DATASET EXTRACT
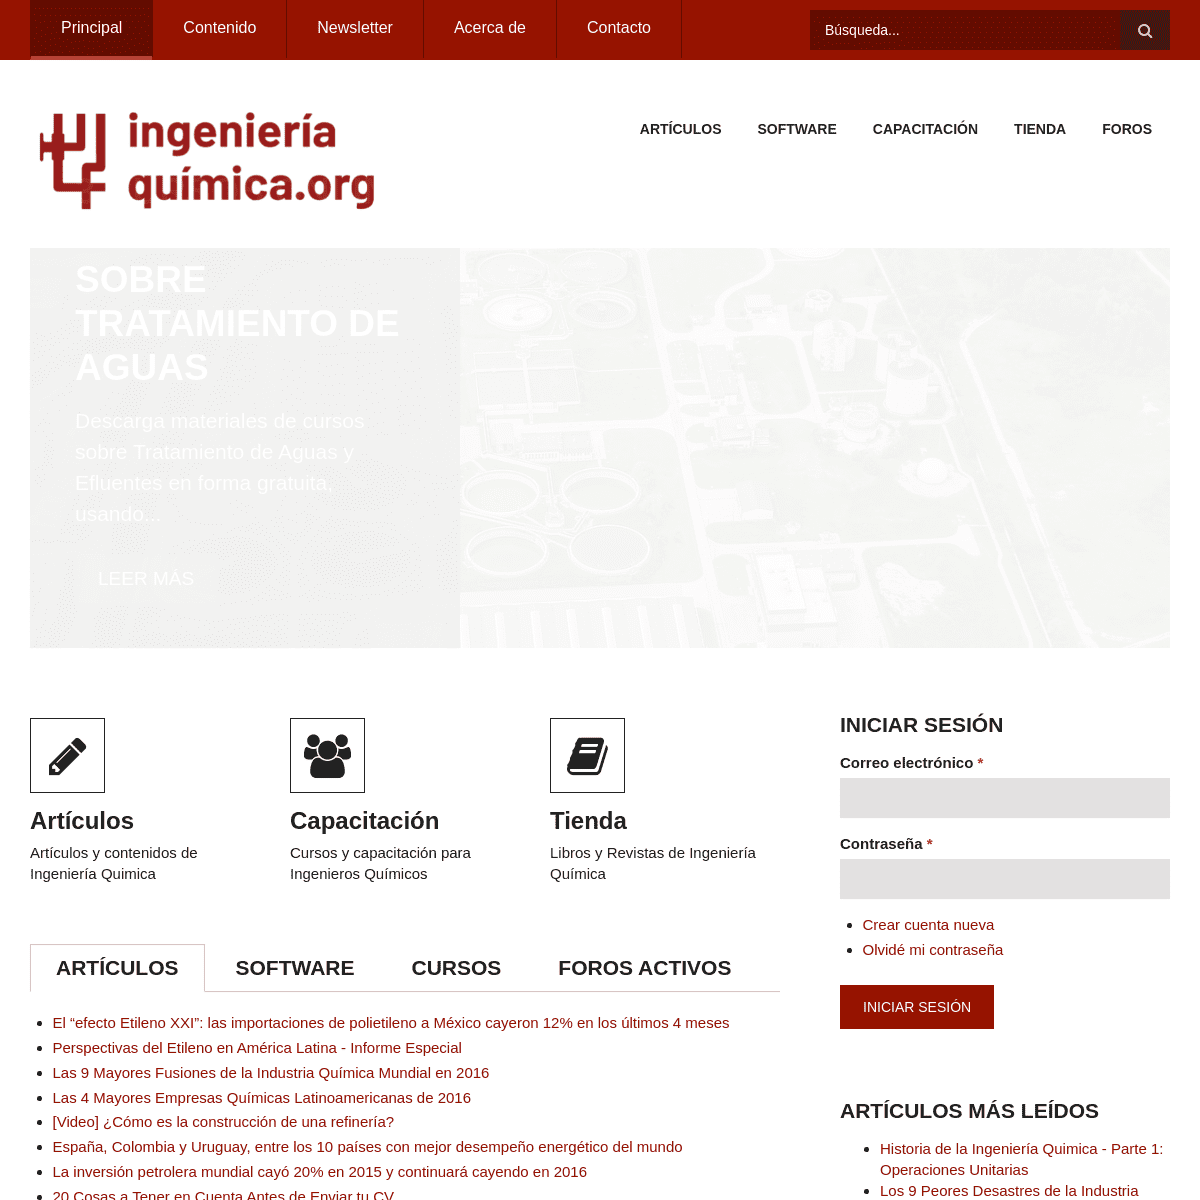 A complete backup of https://ingenieriaquimica.org
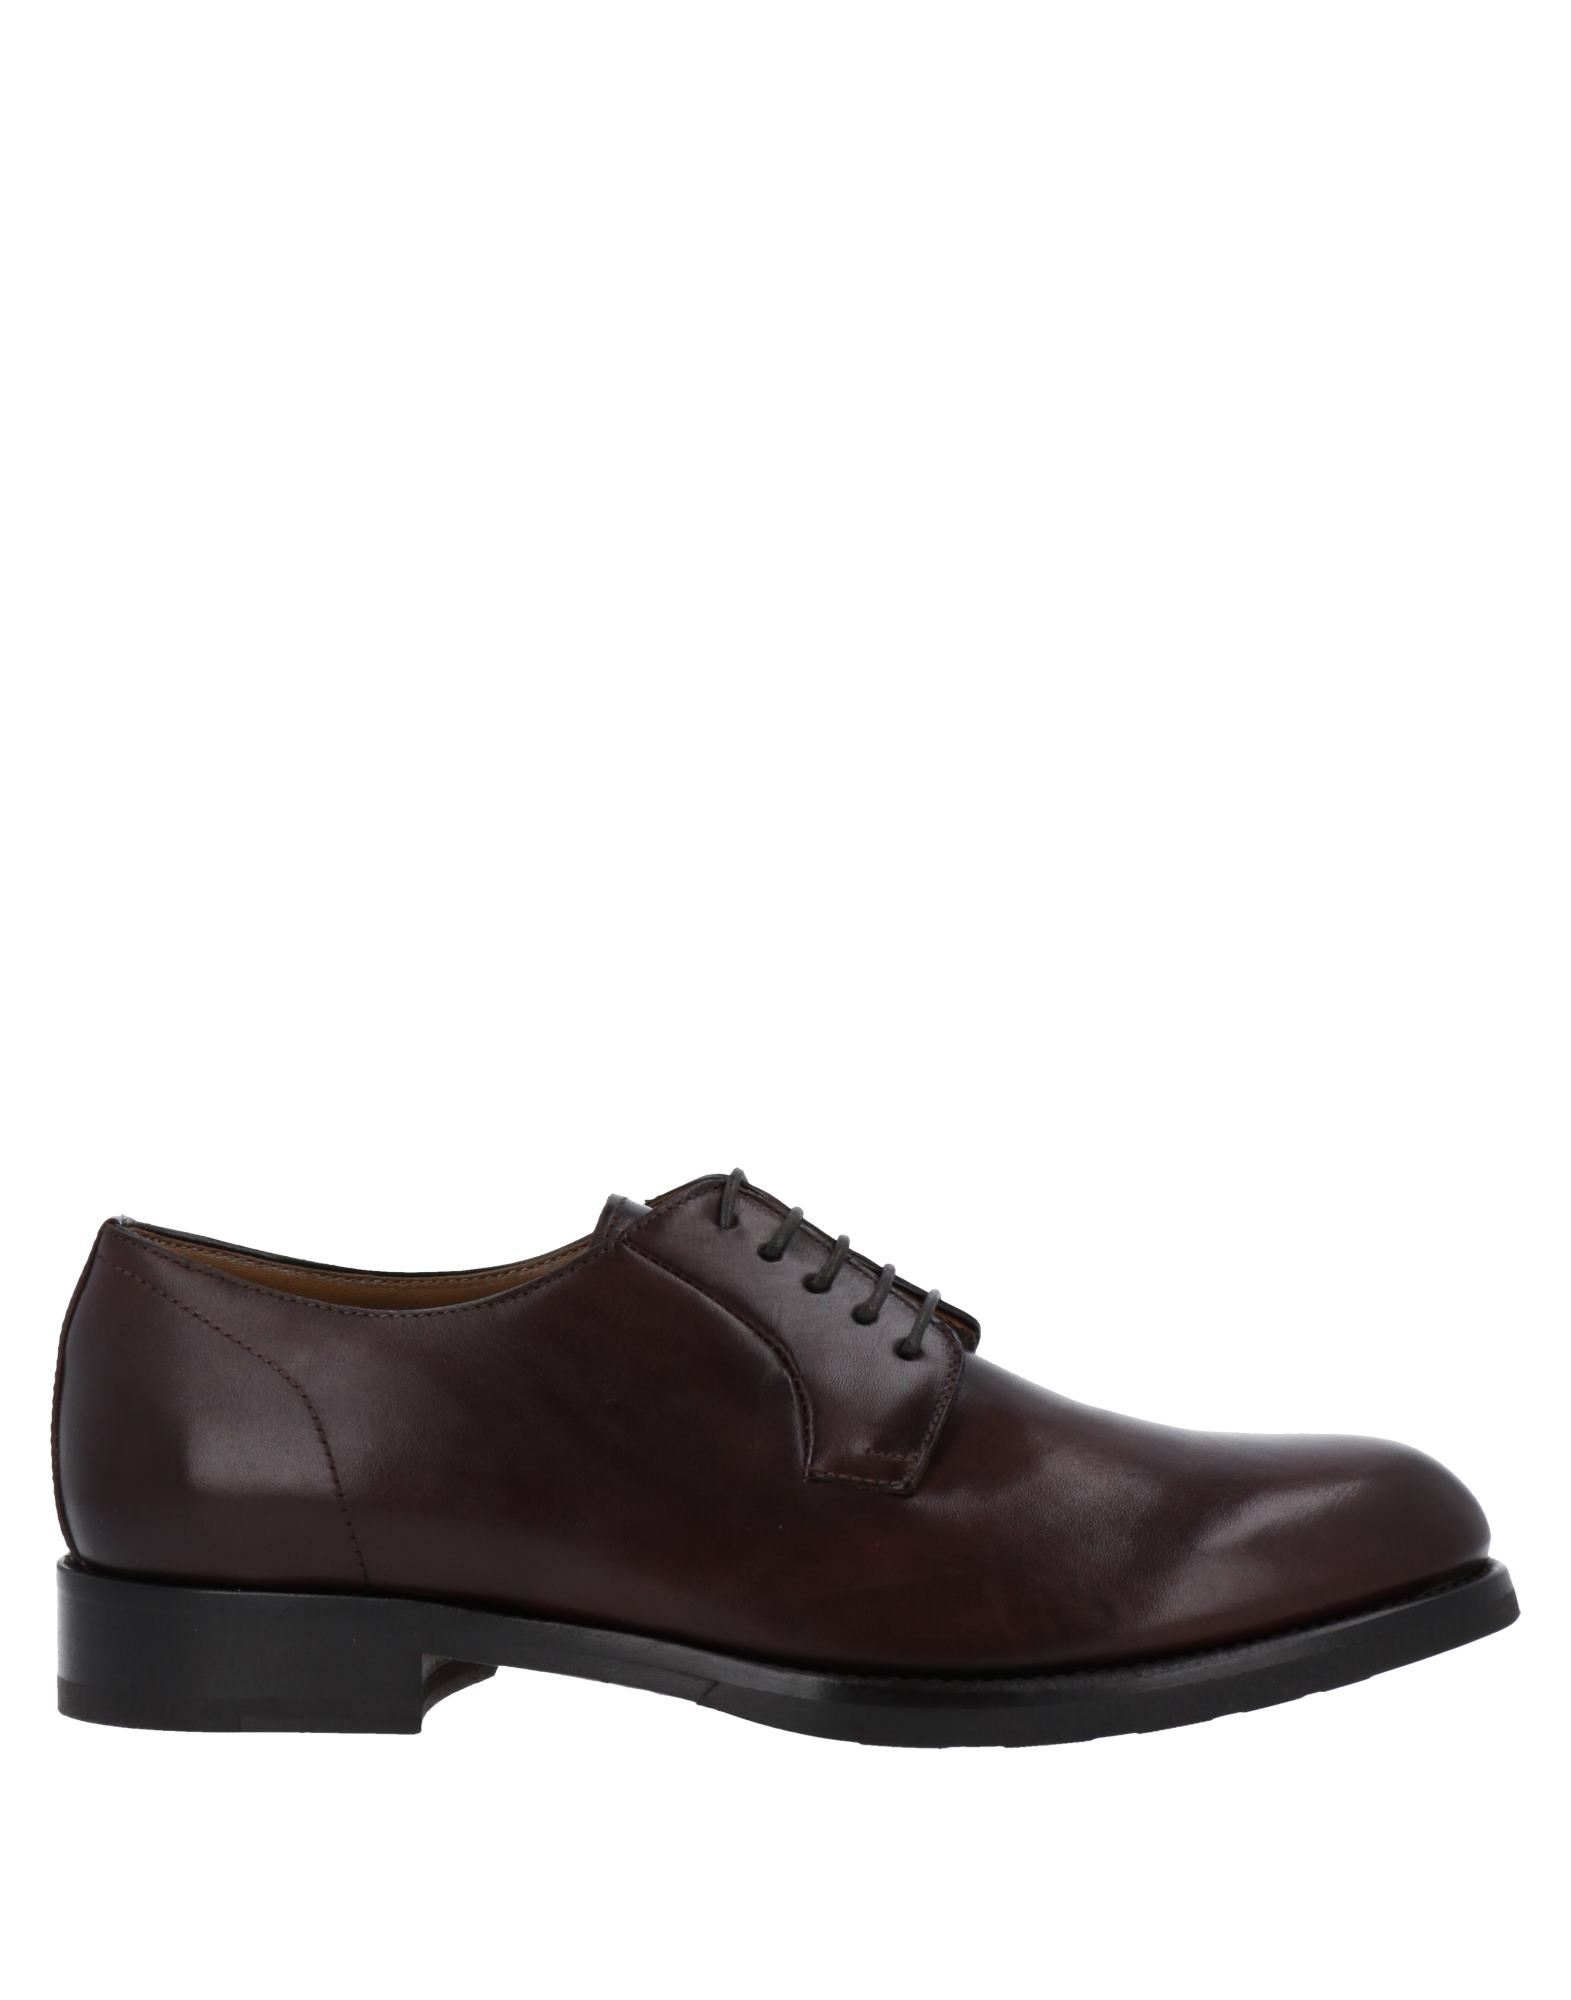 Calpierre Lace-up Shoes In Cocoa
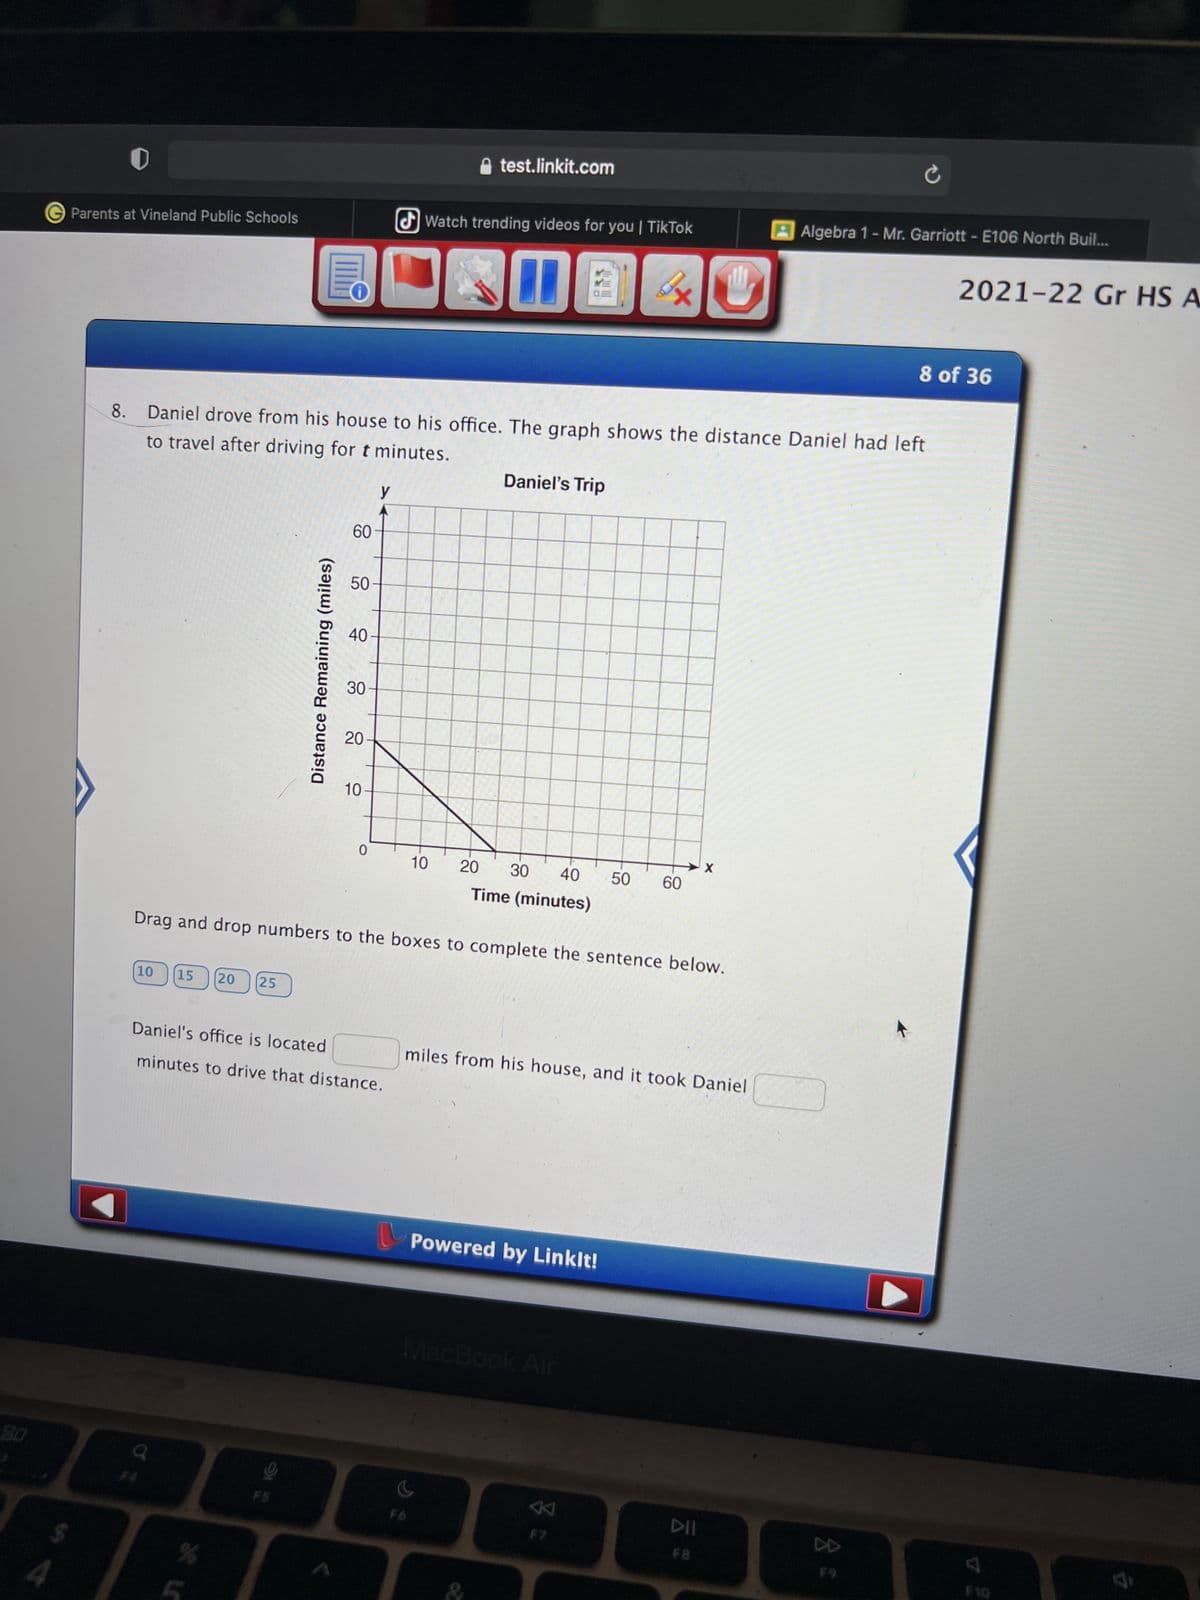 8.0
4
test.linkit.com
Watch trending videos for you | TikTok
Parents at Vineland Public Schools
D
0 B
3x
8 of 36
8. Daniel drove from his house to his office. The graph shows the distance Daniel had left
to travel after driving for t minutes.
Daniel's Trip
y
40
30
20
10-
0
10
20 30 40 50 60
Time (minutes)
Drag and drop numbers to the boxes to complete the sentence below.
10
15 20 25
Daniel's office is located
miles from his house, and it took Daniel
minutes to drive that distance.
Powered by Linklt!
MacBook Air
a
F6
%
F5
Distance Remaining (miles)
60
50
F7
DII
F8
X
AAlgebra 1 - Mr. Garriott - E106 North Buil...
8 %
2021-22 Gr HS A
F10

TO DO
Give back exactly the lines from the one containing "miles from his house, and it took Daniel" through the end of the listing above, with both ends included and nothing added.

ANSWER TO THE PROBLEM
miles from his house, and it took Daniel
minutes to drive that distance.
Powered by Linklt!
MacBook Air
a
F6
%
F5
Distance Remaining (miles)
60
50
F7
DII
F8
X
AAlgebra 1 - Mr. Garriott - E106 North Buil...
8 %
2021-22 Gr HS A
F10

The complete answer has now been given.